#ubuntu-toolchain 2006-02-05
-S0LaRlMp:#ubuntu-toolchain- New game started, http://sre.servegame.com  : This is a webgame based on SOLAR REALMS ELITE, a famous BBS game back in 1992 (Earth2025/BRE fans are welcome)
<dpm> I'm compiling a program where libtool is invoked with the -LNONE option from the makefile. Well, my version of libtool does not seem to like that, and the problem disappears when I manually change LDFLAGS = -LNONE to LDFLAGS =. My question is: was this NONE keyword maybe supported by an older version of libtool and was dropped in the newer version, or is there something wrong with the makefile?

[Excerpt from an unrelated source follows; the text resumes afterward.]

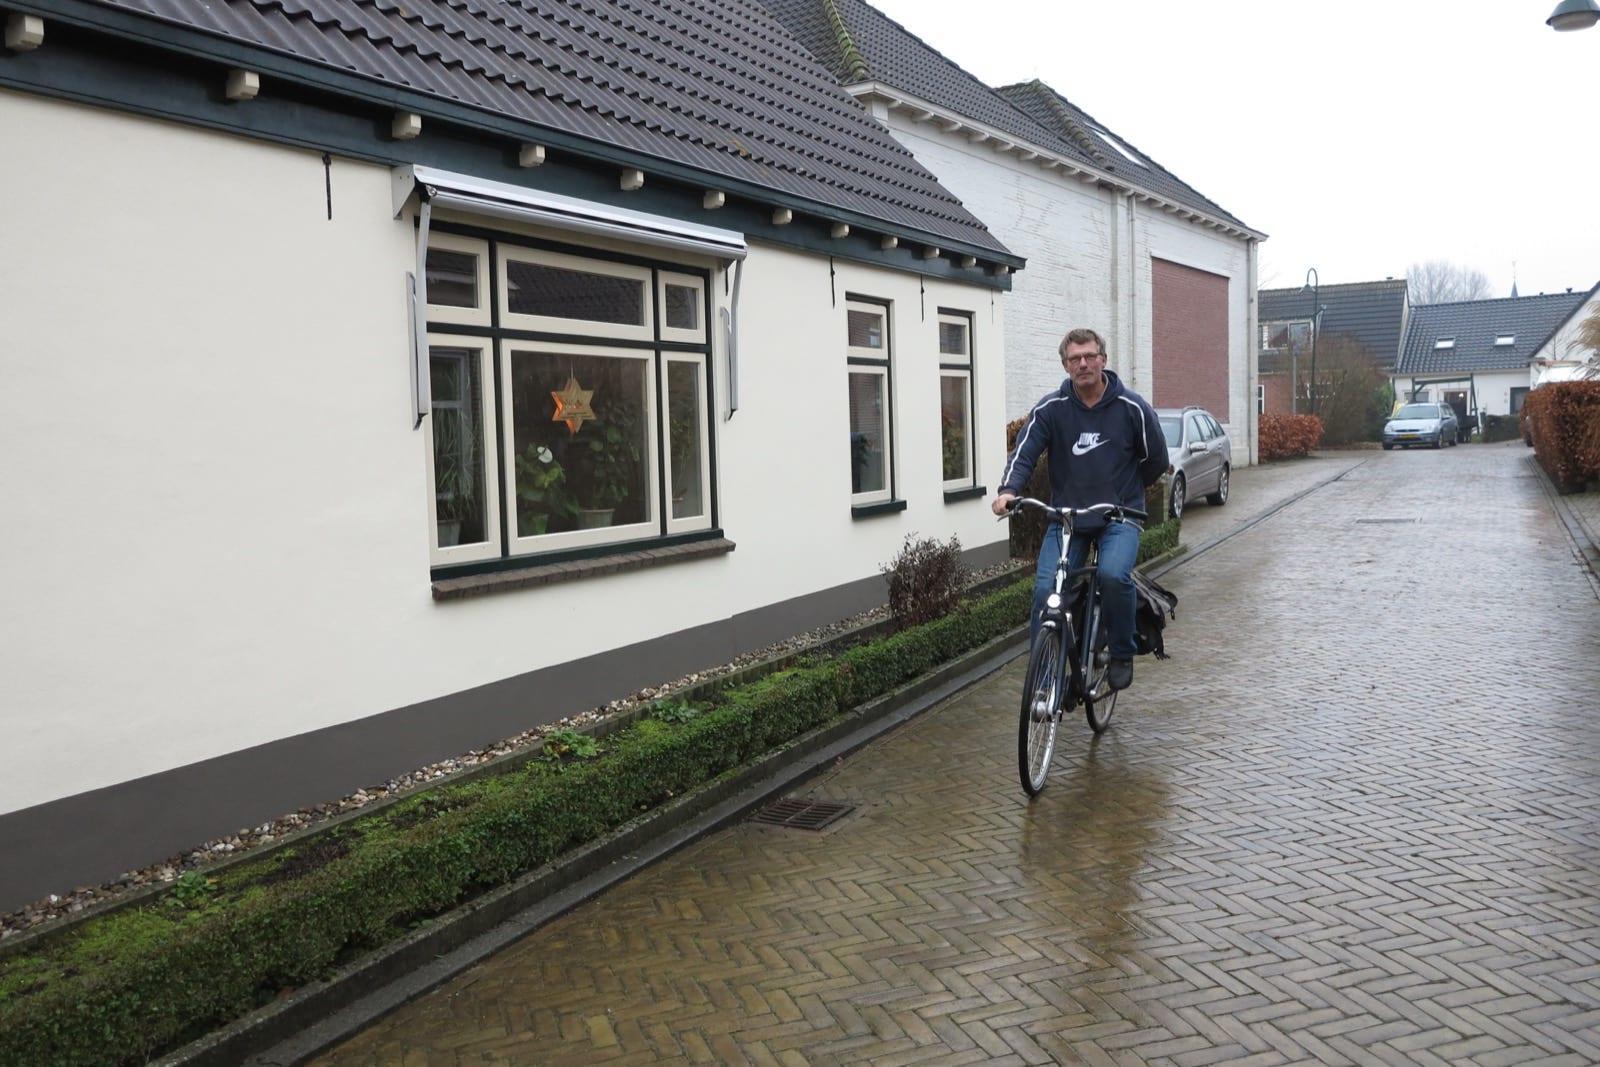 et-fiets-en-fietser-120-koos-vd-belt-zonder-jas,-met-hand-op-de-rug-oi.jpg

#ubuntu-toolchain 2008-02-03
<arthur-> hi
<arthur-> doko: is -9 ok for the gdc lzma compression level?
<doko> arthur-: I didn't set the level explicitely
<arthur-> doko: ok
#ubuntu-toolchain 2015-01-26
<doko> test
#ubuntu-toolchain 2015-01-27
<nijopa> Afternoon folks,
<nijopa> Is this the correct channel for discussing the GCC toolchain packaged with ubuntu?
<nijopa> If not, can you suggest the appropriate place?